Tout à l’heure nous avions passé le « Ponte del Gheto Novo », nous passons maintenant le « Ponte del Gheto Vecio » qui relie les deux ghetto…

Les « Niziolèti » (petits draps), ces rectangles blancs peints sur les murs où l’on inscrit les noms des rues à Venise, sont depuis toujours écrits en vénitien…
Suite à l’initiative stupide d’une adjointe de la municipalité précédente, responsable de la toponymie, certains « Niziolèti », pendant leur rénovation, ont été récrits en italien !…
Motif avancé par la dite-adjointe : « Ne pas désorienter les touristes et les étrangers qui ne connaissent pas la langue vénitienne » …
La révolte des autochtones alors a grondé, groupes Facebook en tête, pétition à la clef, et la municipalité a dû céder car même certains adjoints et conseillers municipaux étaient opposés à cette « italianisation » des « Niziolèti » …
Mais il reste des traces de cette bévue qui dureront jusqu’à la prochaine rénovation picturale…
Comme sur ceux-ci qui devraient être écrits ainsi :
« PAROCHIA DE S. ALVISE »
« PONTE DE GHETO VECIO »
« CAMPO DE GHETO NOVO »

Nous voici dans le vieux ghetto…
Si vous avez l’œil curieux vous serez interpellés par la « Mezouzah » sur la porte de nombreuses maisons du Ghetto…

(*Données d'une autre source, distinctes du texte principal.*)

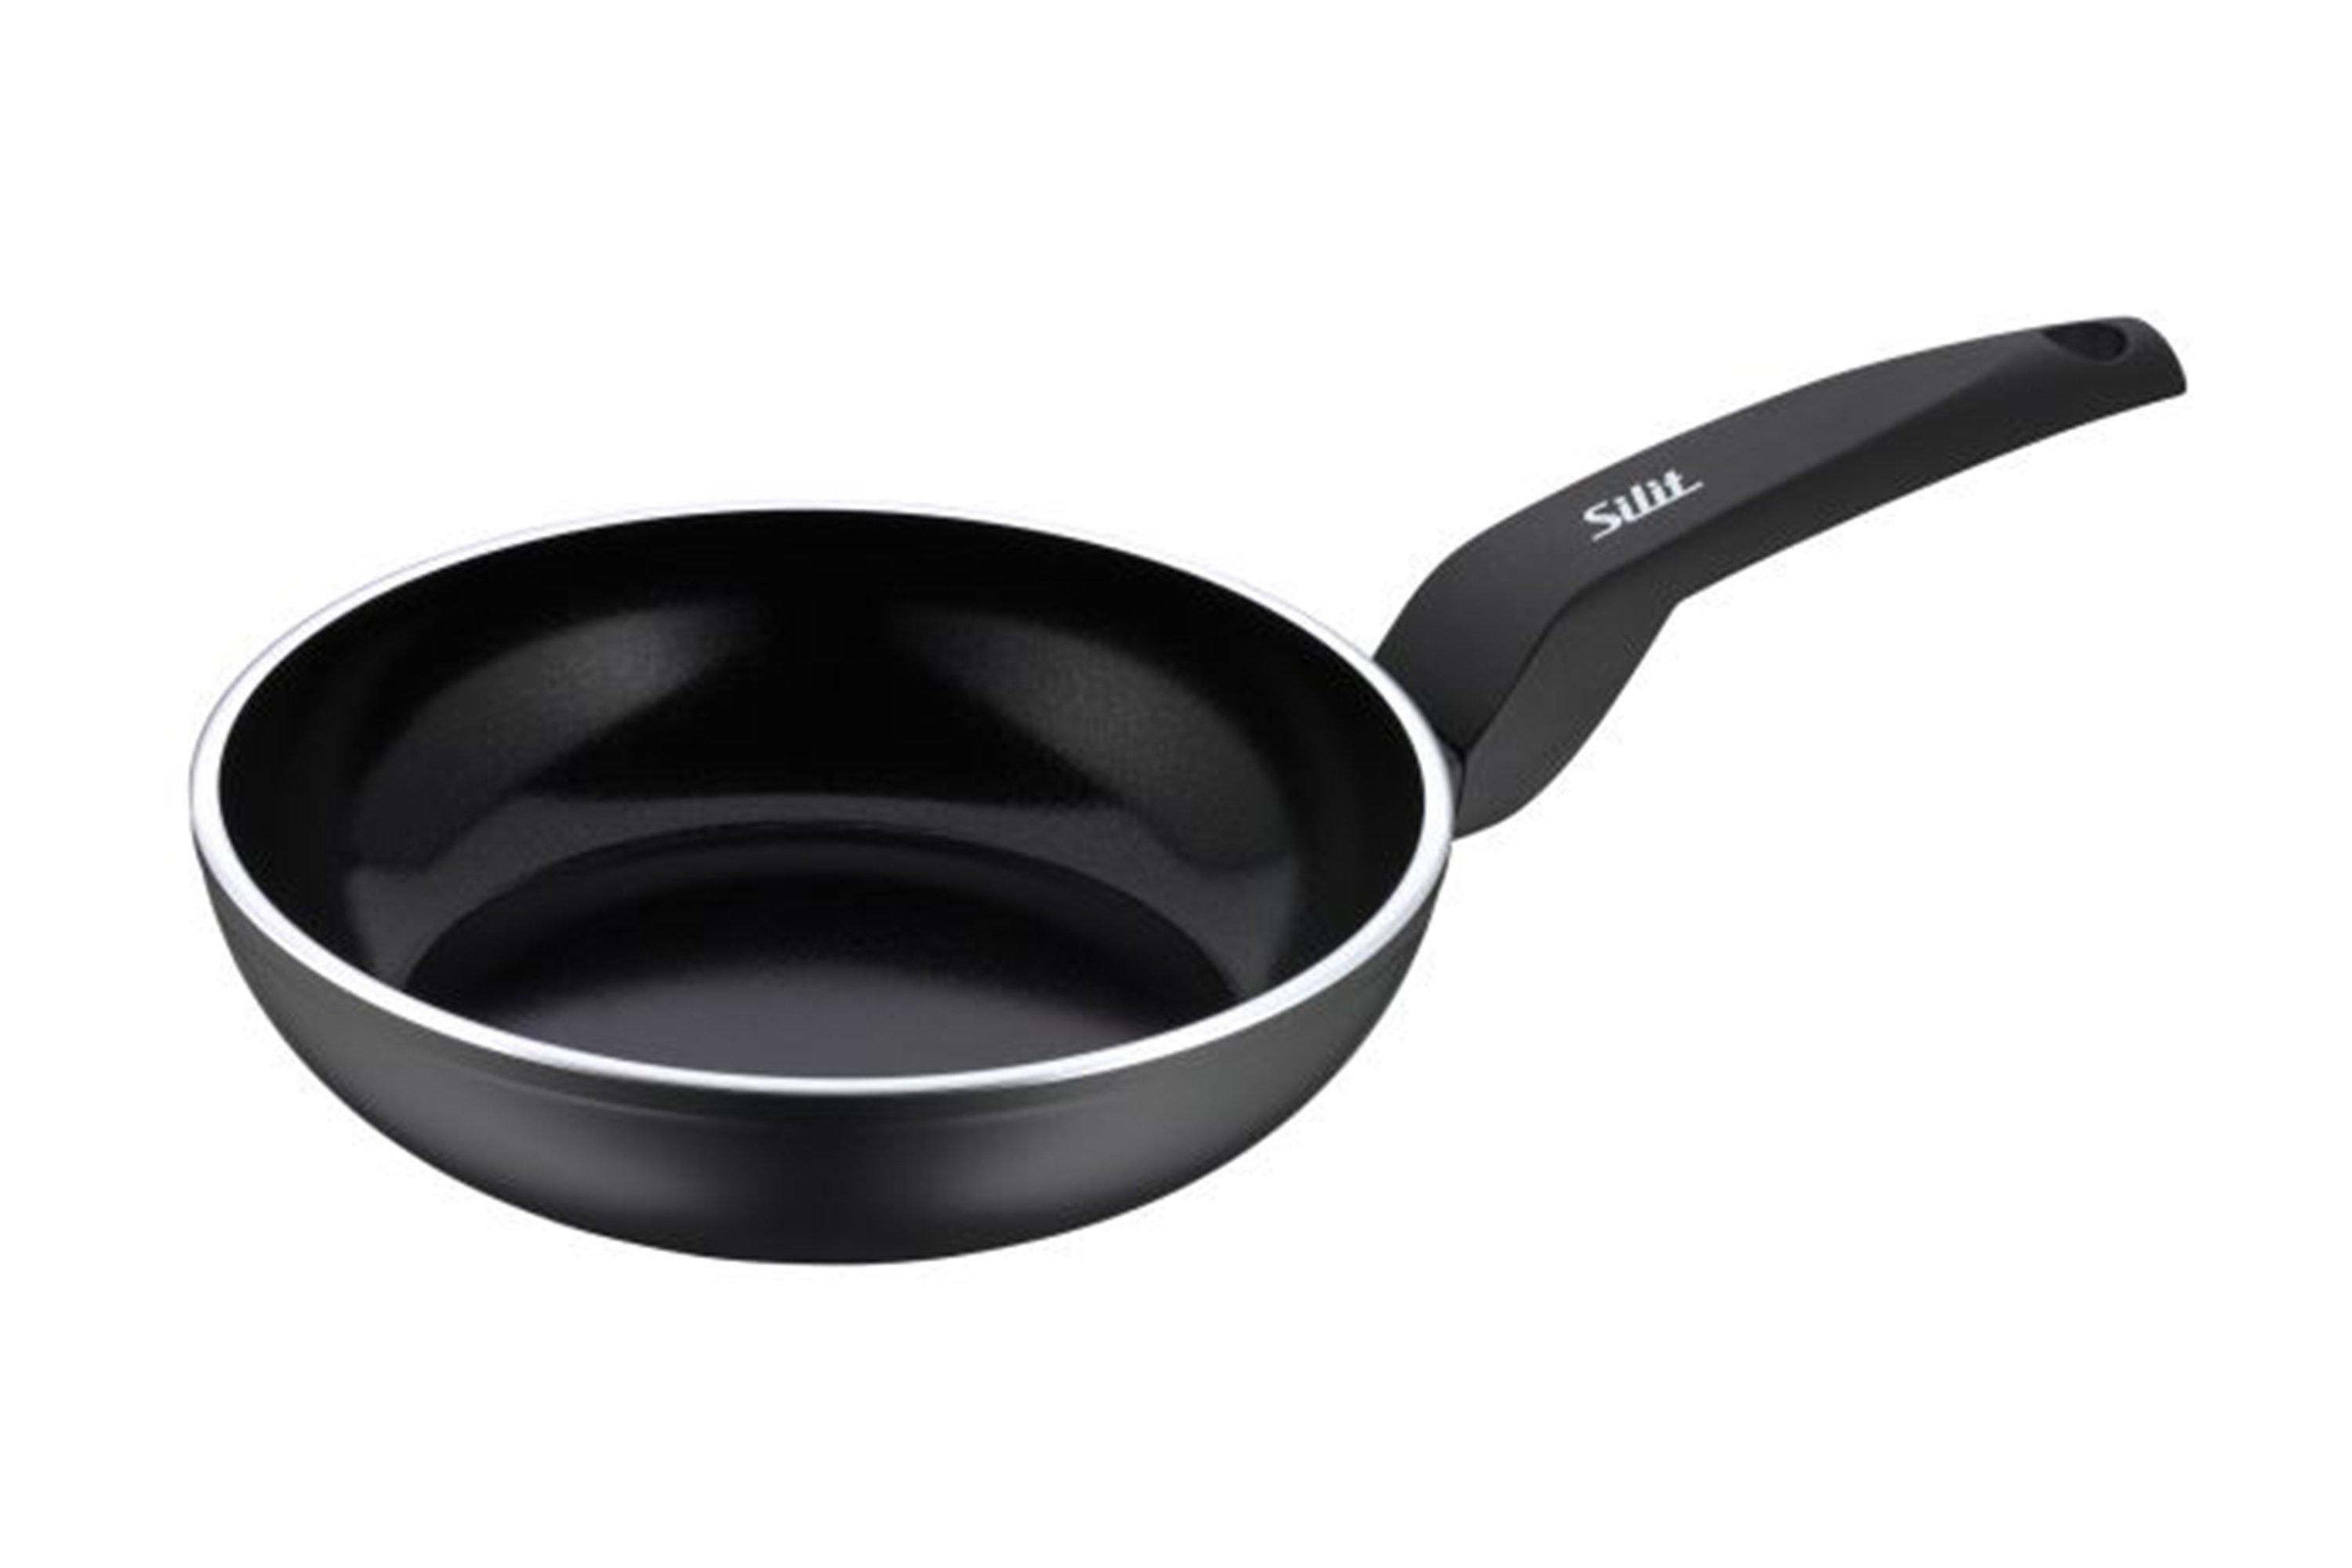 WMF Silit Messino 2110300359 frying pan, 24 cm | Advantageously at Knivesandtools.com
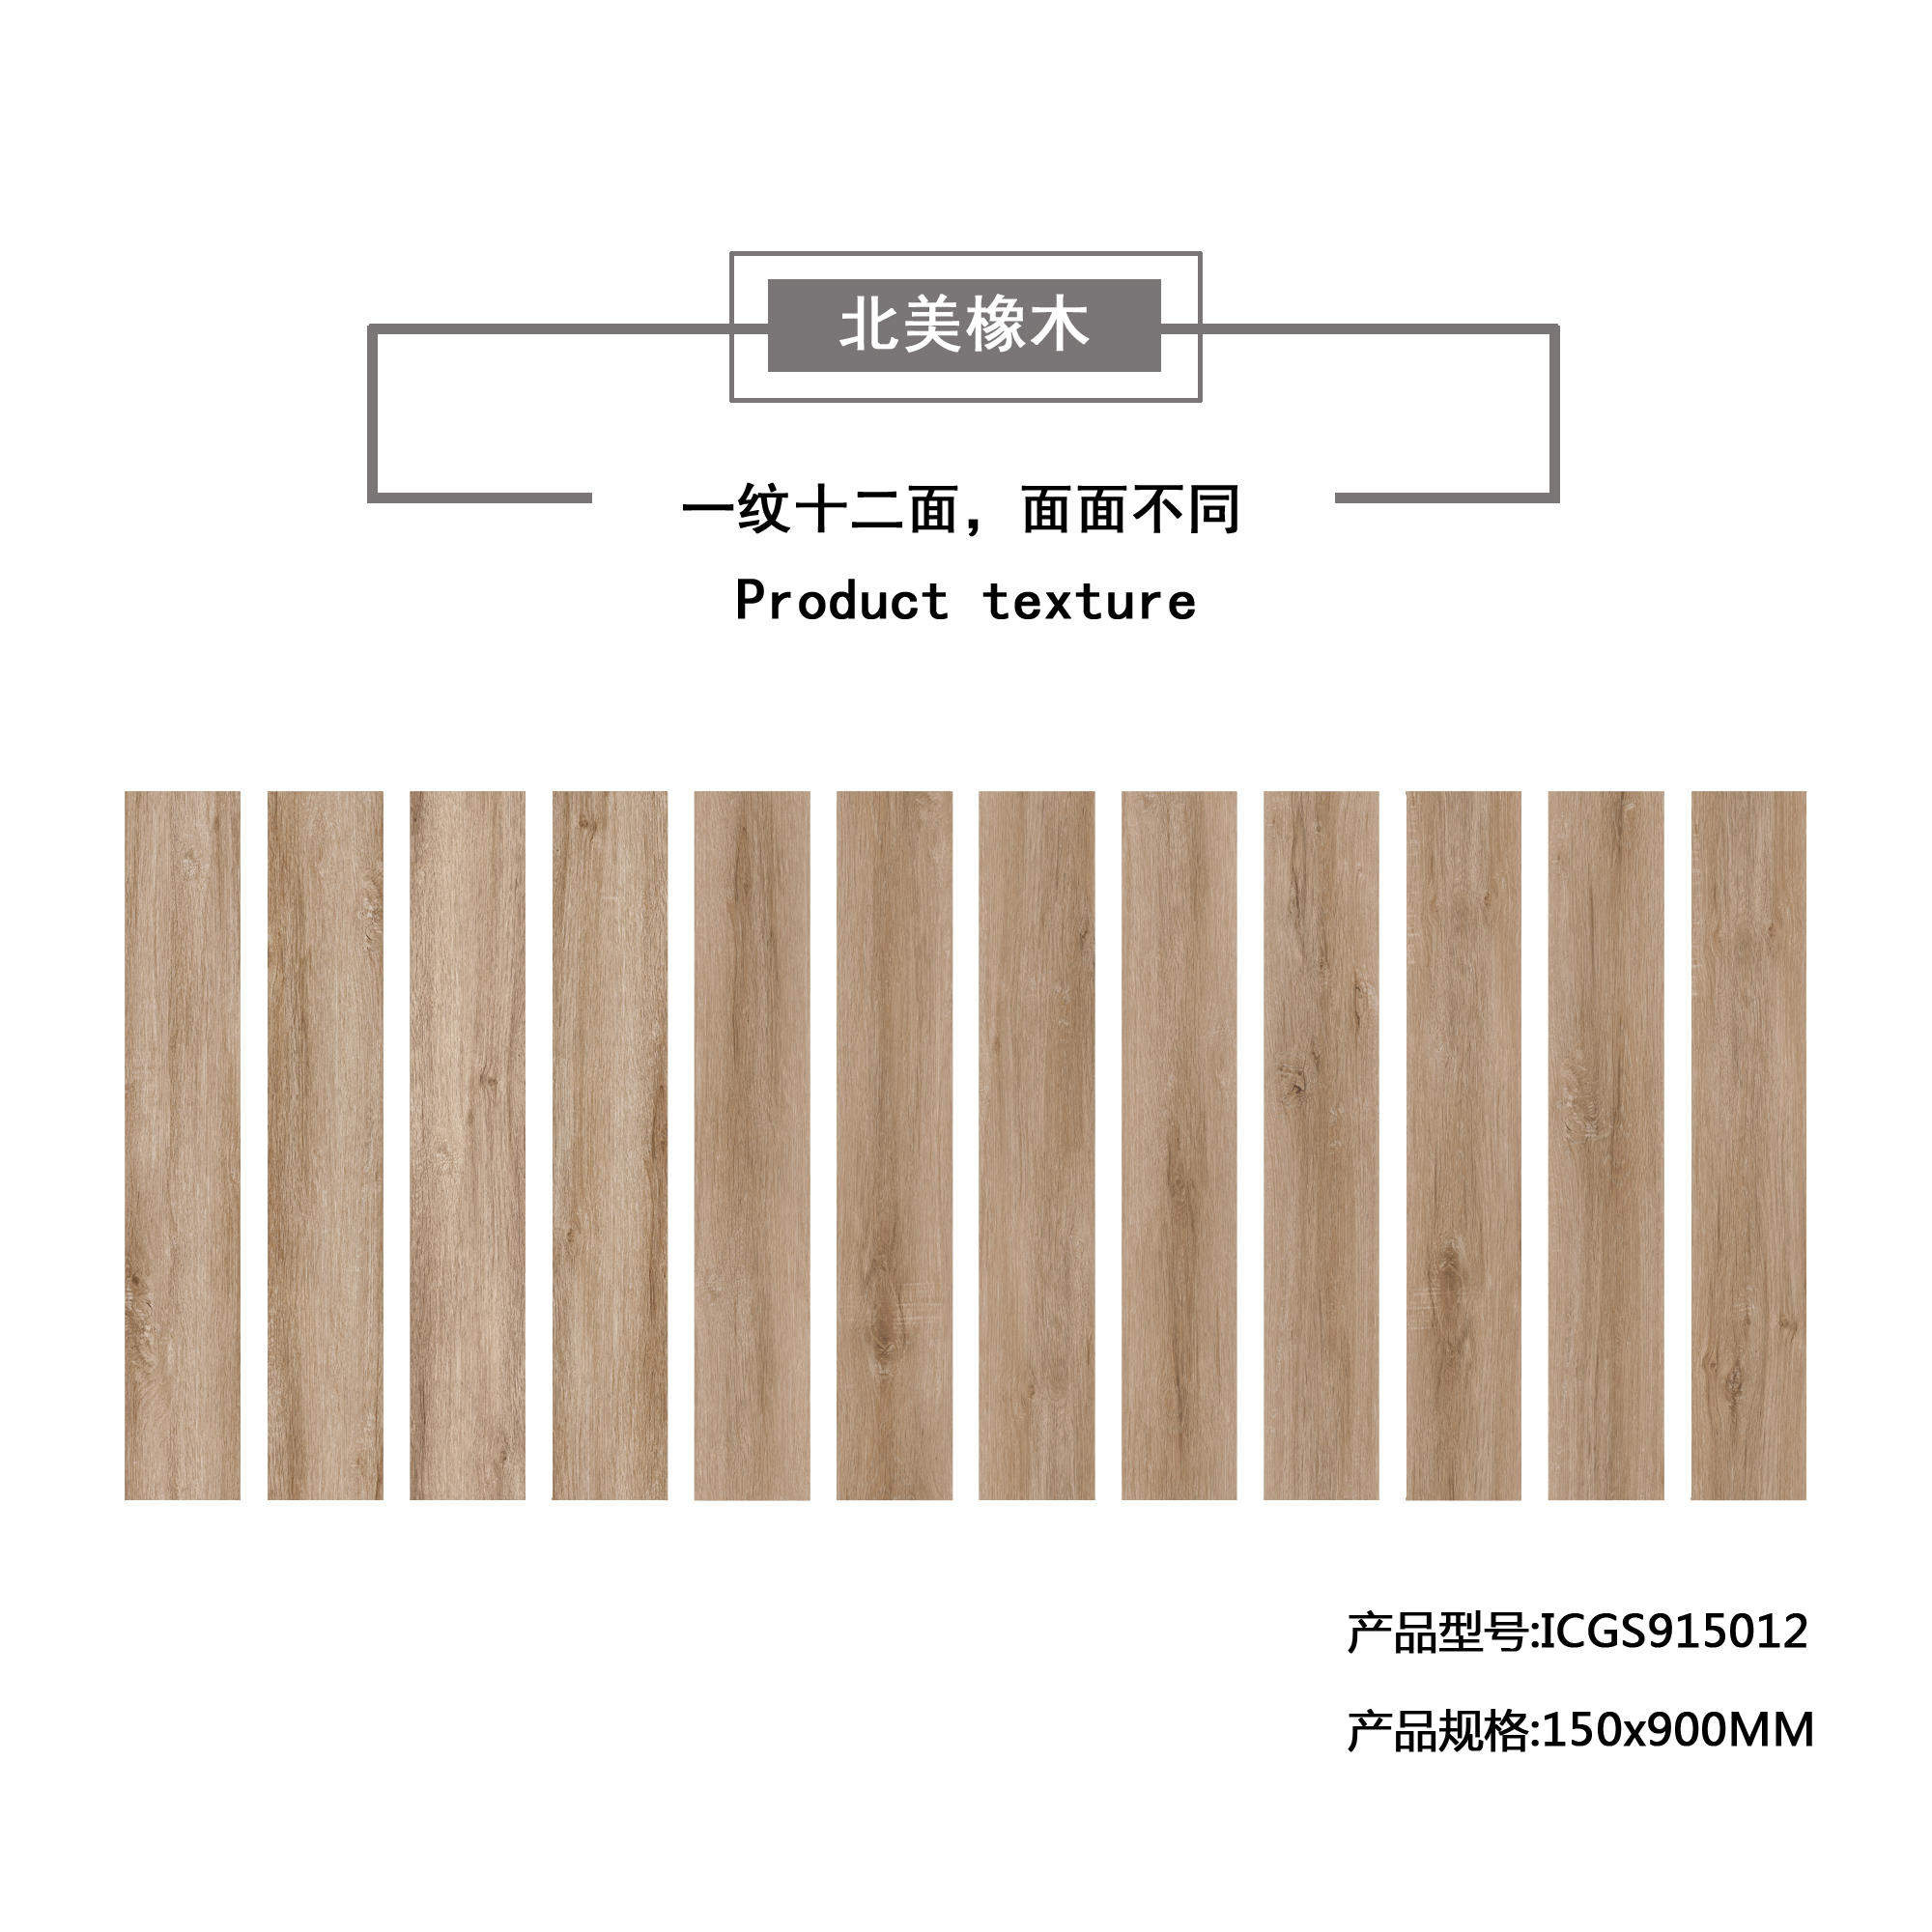 北美橡木（杏红）木纹地板砖ICGS915012产品混铺图

Pour ceux qui l’ignorent, tout comme moi avant qu’un ami converti au judaïsme ne me l’explique, la « Mezouzah » est un rouleau de parchemin comportant deux passages bibliques, emboîté dans un réceptacle, et fixé au linteau des portes…

La coutume veut que la mezouzah soit apposée dans tous les lieux où les Juifs résident.
L’étui est fixé à droite dans le sens de l’entrée, en biais, et à une hauteur équivalente au tiers de la hauteur du montant de la porte à partir du linteau.

Le parchemin, fait de la peau d’un animal « pur », est calligraphié par un scribe habilité à cette tâche. Il est nécessaire de faire vérifier régulièrement (deux fois tous les sept ans) ce parchemin afin de s’assurer que le texte est toujours en bon état.

L’esthétique du boîtier de la mezouzah est très diversifié comme on peut le voir sur ces « foto », ainsi que les matériaux utilisés, bois, plastique, métal, verre ou pierre…

Si les synagogues sont relativement discrètes quant à leur aspect extérieur, elles sont riches et luxueuses à l’intérieur…
Il en subsiste 5 dans le ghetto, on les appelle « Scola » (qui veut dire école en vénitien) …
La Scola grande Tedesca (1528)
La Scola Canton (1532)
La Scola Levantina (1538)
La Scola Spagnola (1555, reconstruite en 1654)
La Scola Italiana (1575)
Personnellement, je ne suis jamais pénétré à l’intérieur d’une de ces synagogues…
Mais je surmonterai une fois mon athéisme forcené pour prendre quelques « foto »…
Aujourd’hui Sabbat, les synagogues ne sont pas ouvertes aux visites…
Devant nous la porte de la synagogue nommé « la Scola Levantina »…

Une plaque de marbre commémorative sur le fronton :
1939 -1945
DEUX CENTS HÉBREUX DE VENISE
HUIT MILLE HÉBREUX D’Italie
SIX MILLIONS D’HÉBREUX D’EUROPE
PAR L’AVEUGLE HAINE BARBARE
EN DE LOINTAINES TERRES
CHASSÉS MARTYRISÉS SUPPRIMÉS

Sur le mur d’en face, une autre plaque de marbre en mémoire des hébreux vénitiens qui se sont battus et sont tombés pour l’Italie pendant la première guerre mondiale…
Cette plaque est datée de MCMXV-MCMXX (1915-1920) …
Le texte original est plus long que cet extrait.